Planning a trip isn’t easy and can be even more difficult if you are disabled. Learn more about how to plan your next trip!
Travelling with a disability
For those with a disability, there are wider concerns to bear in mind which may require extra effort in the search for suitable accommodation and transportation. According to the Disabled Living Foundation (DFL), there are around 13.3 million disabled people in the United Kingdom. That equates to approximately 1 in 5 of the population. Having a disability has its challenges but should not be such a hindrance as to prevent you from traveling.
Getting into the mindset of being organized and positive is the first step. Nowadays, accessibility options abound for wheelchair users, and these options are constantly improving in many places. There are no issues that cannot be solved, but planning will reduce the likelihood of running into those problems in the first place.
Planning is the golden rule of most successful trips, with or without a disability. However, since traveling with a disability throws up many interesting challenges, planning thoroughly and in advance is all the more essential.

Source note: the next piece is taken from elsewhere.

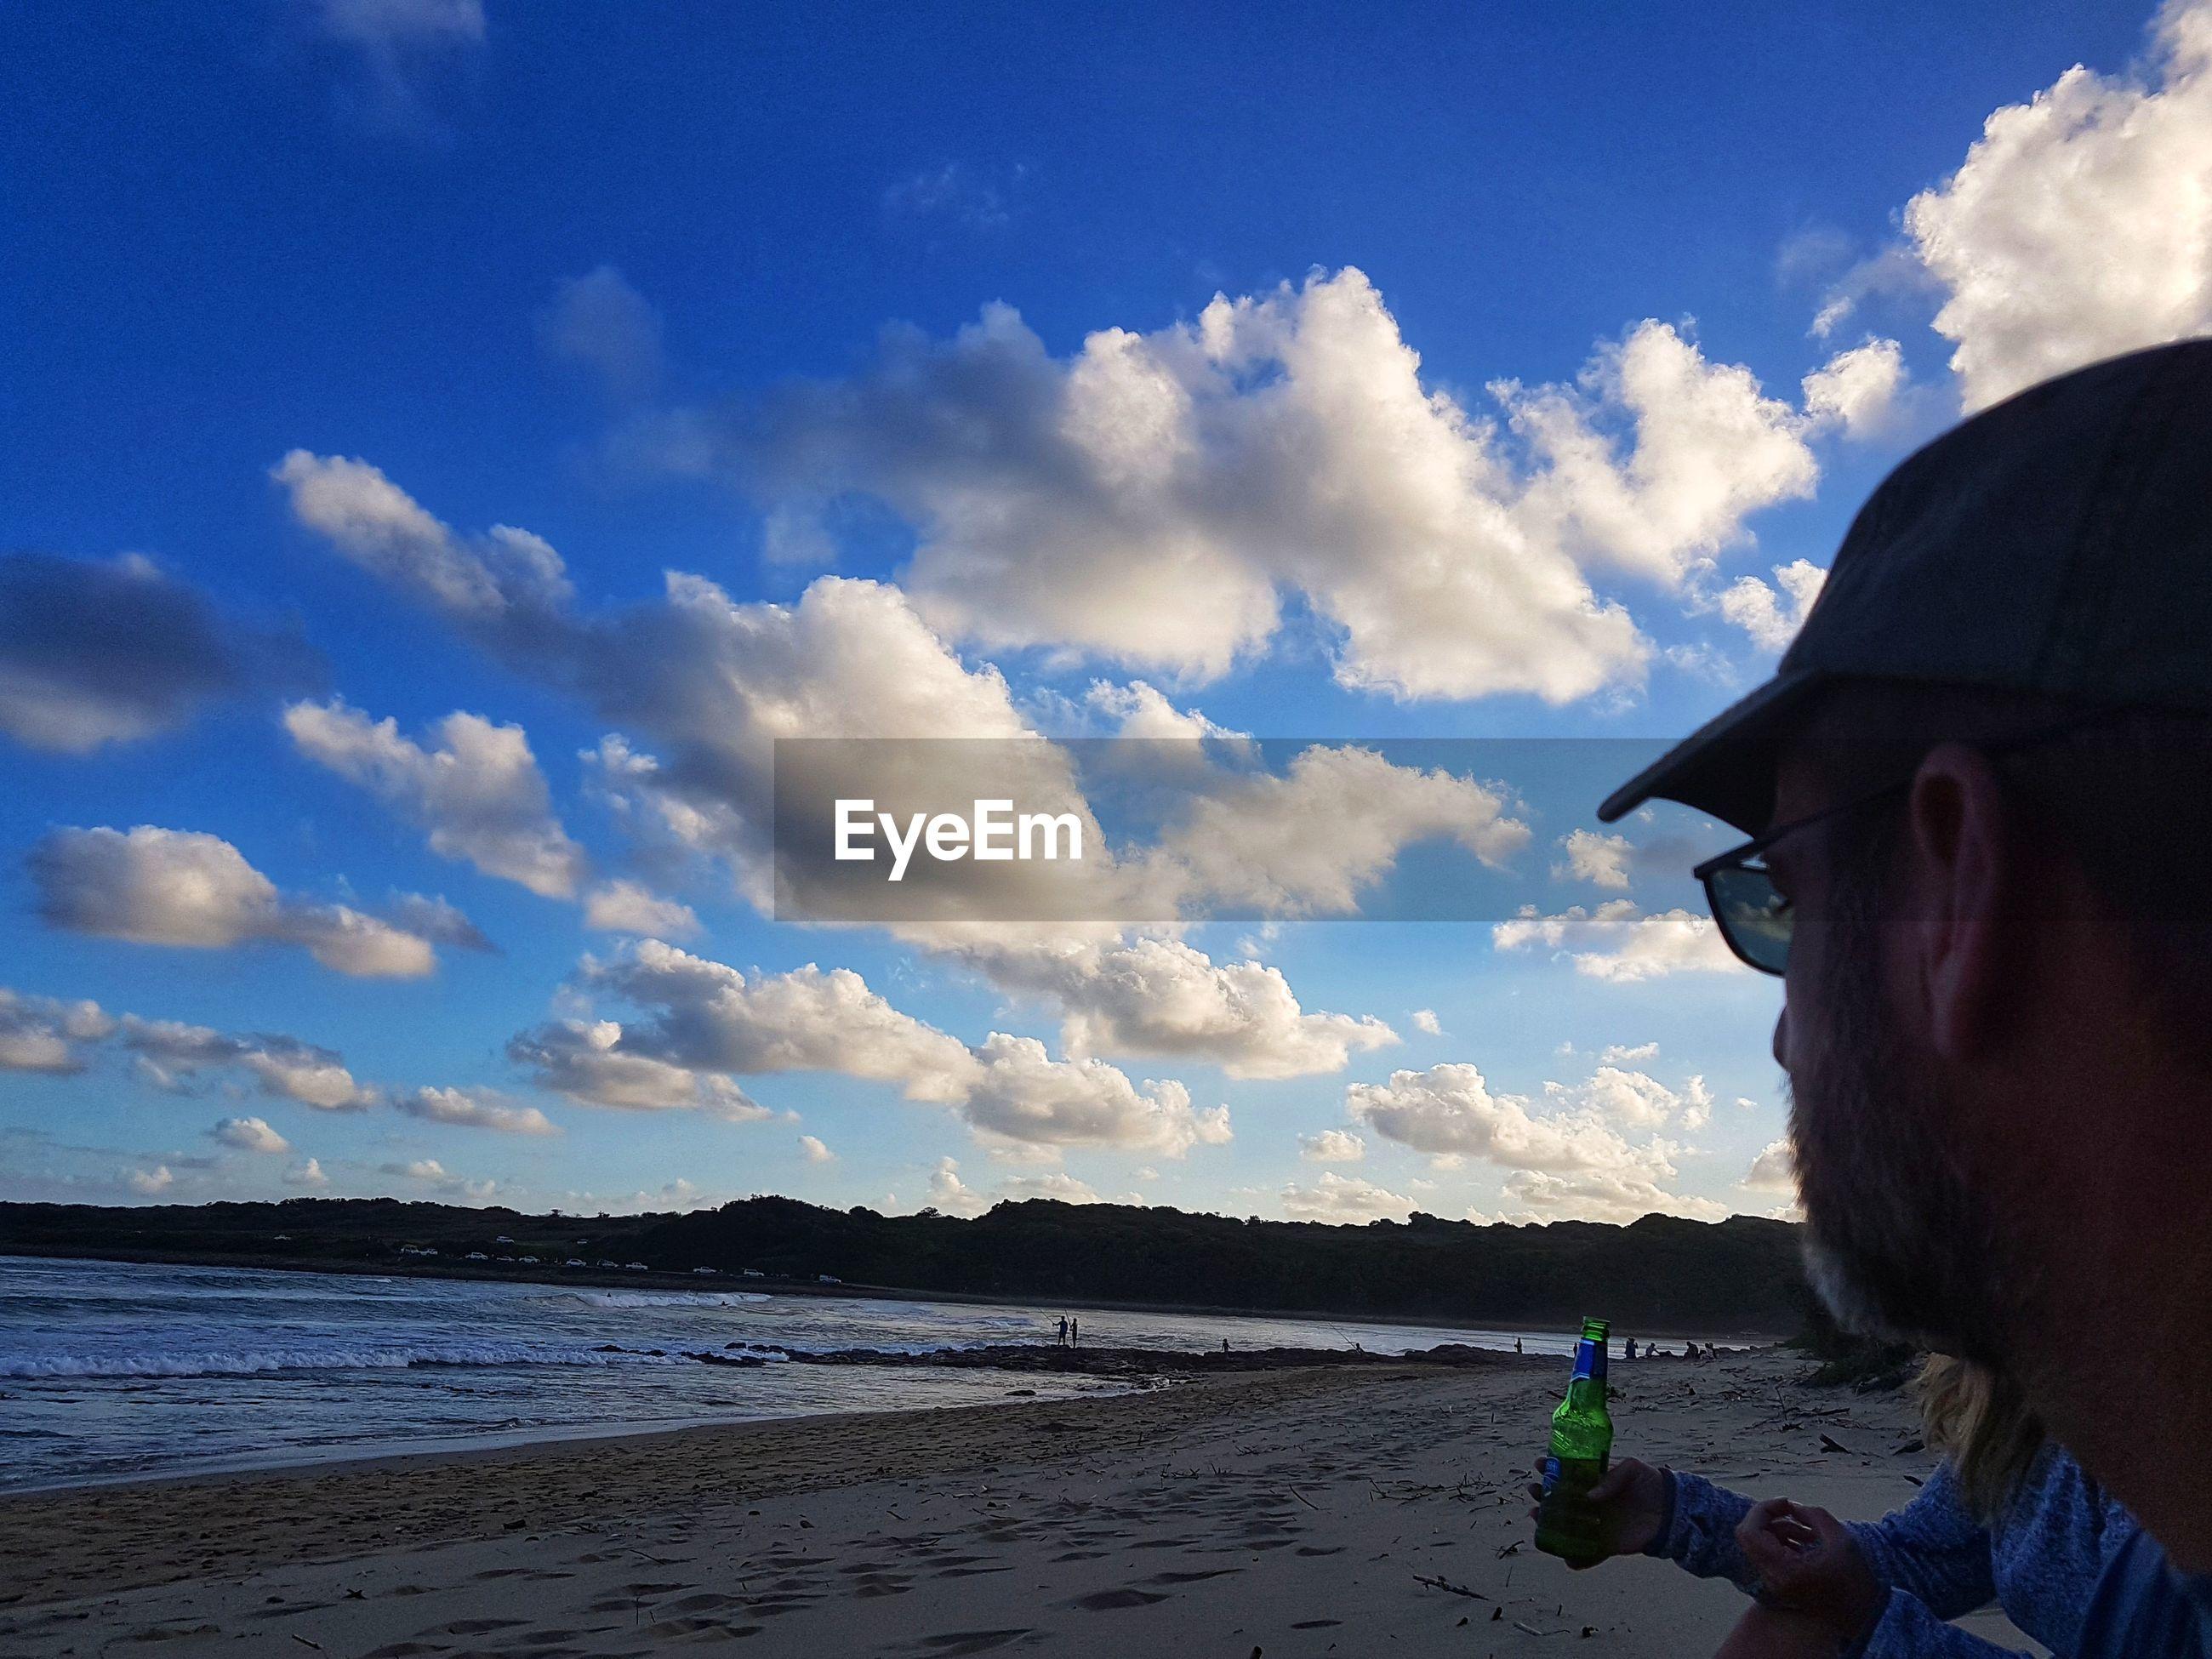 CLOSE-UP OF MAN AT BEACH

Once you have decided on a well-located place to stay, ensuring that you book in advance is important if getting an accessible room is a priority. When it comes to home exchanges, accessibility should not cause you to worry, as specific homes have been designed for people in wheelchairs, which means you’ll have no trouble getting around the house.
Travelling by air
When traveling long distances, taking a plane is the obvious choice but for some, it may be a daunting option since there are more considerations to take into account when you have a disability. Make sure that the airline is aware of what assistance you require at both the airport and on the plane so that they can arrange for suitably qualified staff to be in position and prepared to help. Booking an aisle seat is a smart choice, particularly if it is a long flight and you struggle walking to and from the toilet. Similarly to booking your accommodation in advance, the added benefit of booking your travel in advance is that it tends to cost less.
Remembering what to bring
Creating a checklist is the organized traveler’s first call to action. When traveling with a disability, there are a few extras that ought to be on the list aside from the inevitable suntan lotion and shampoo miniatures. Any medication that you require should be on the list and ensure that there is enough to last the duration of the trip away. Also, consider any necessary equipment you may need such as spare inner tubes and tools, a voltage converter and an adapter plug. These can be surprisingly easy things to overlook so making a checklist a few weeks in advance will allow time for inspiration and thoughts to occur to you of things you had better add to the list.

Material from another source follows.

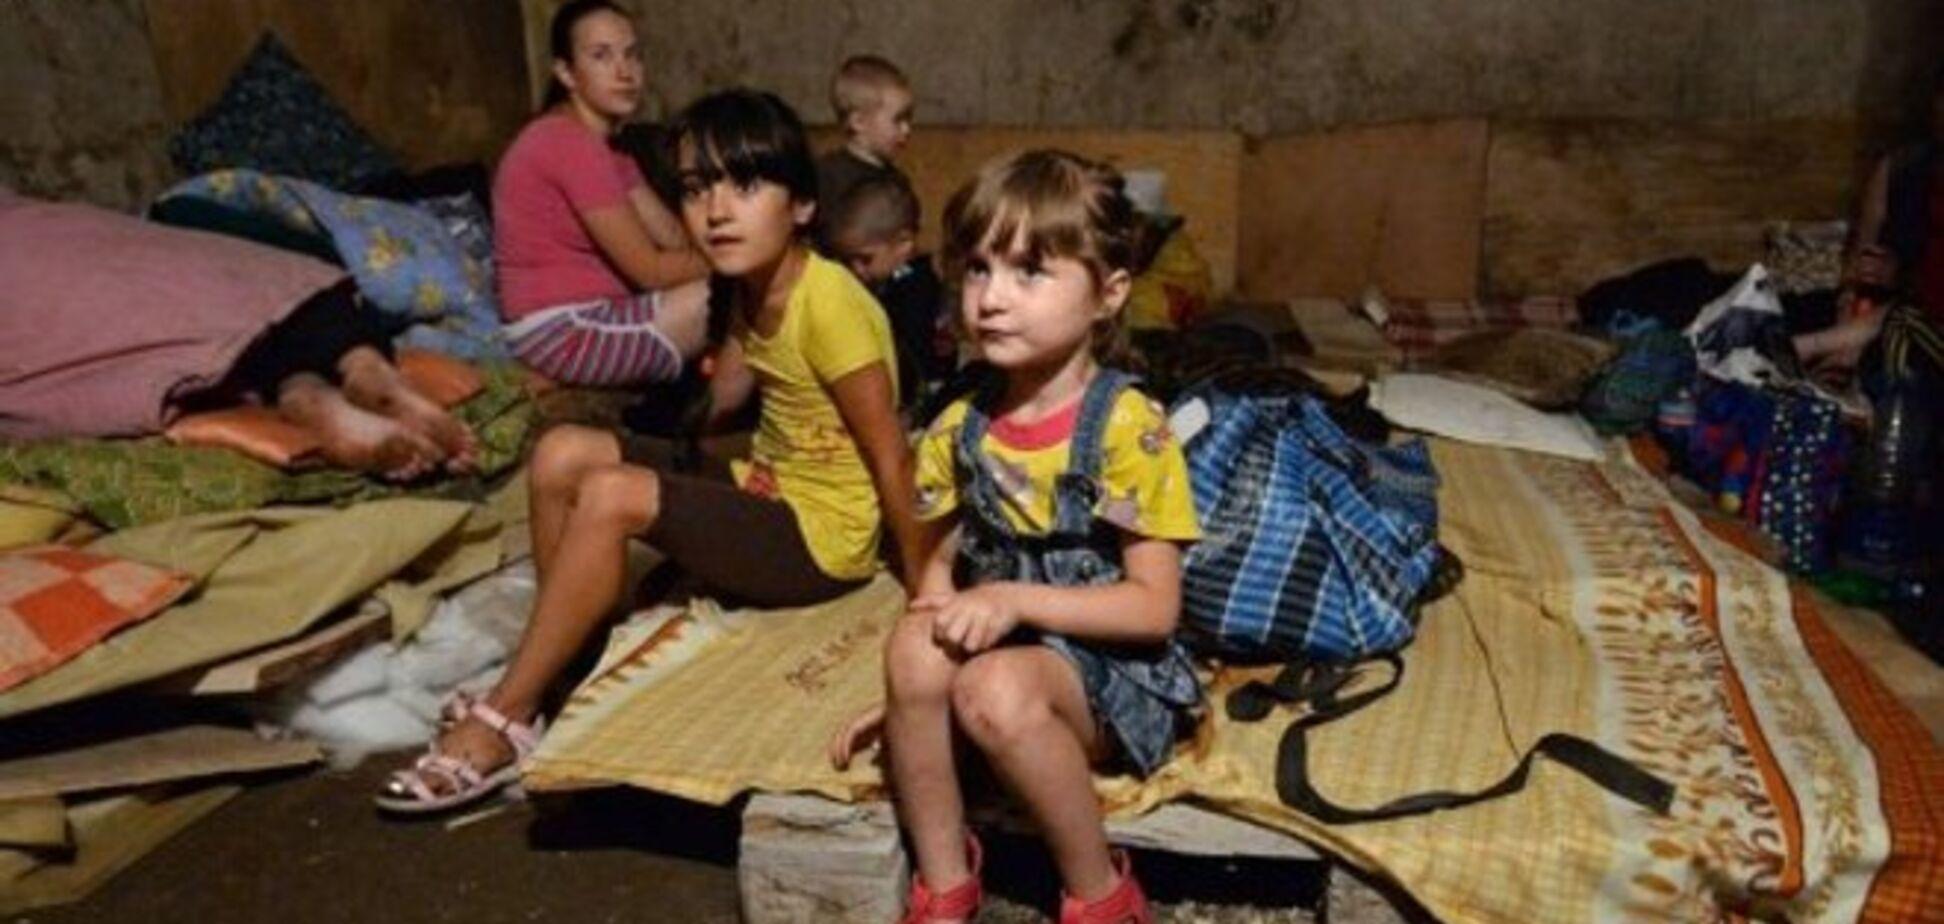 Более тысячи детей в Донецке прячутся в подвалах и бомбоубежищах - ЮНИСЕФ

Having a disability should not restrict you from indulging in your wanderlust and enjoying the incredible experiences that traveling brings to people’s lives. However, taking the time to plan and be organized in the details, from making a checklist to arranging all elements of transportation to considering the itinerary of the trip will make the holiday go a lot smoother and help alleviate any of the worries. With the developments in accessibility that are continuously improving on an international level, the world is still your oyster.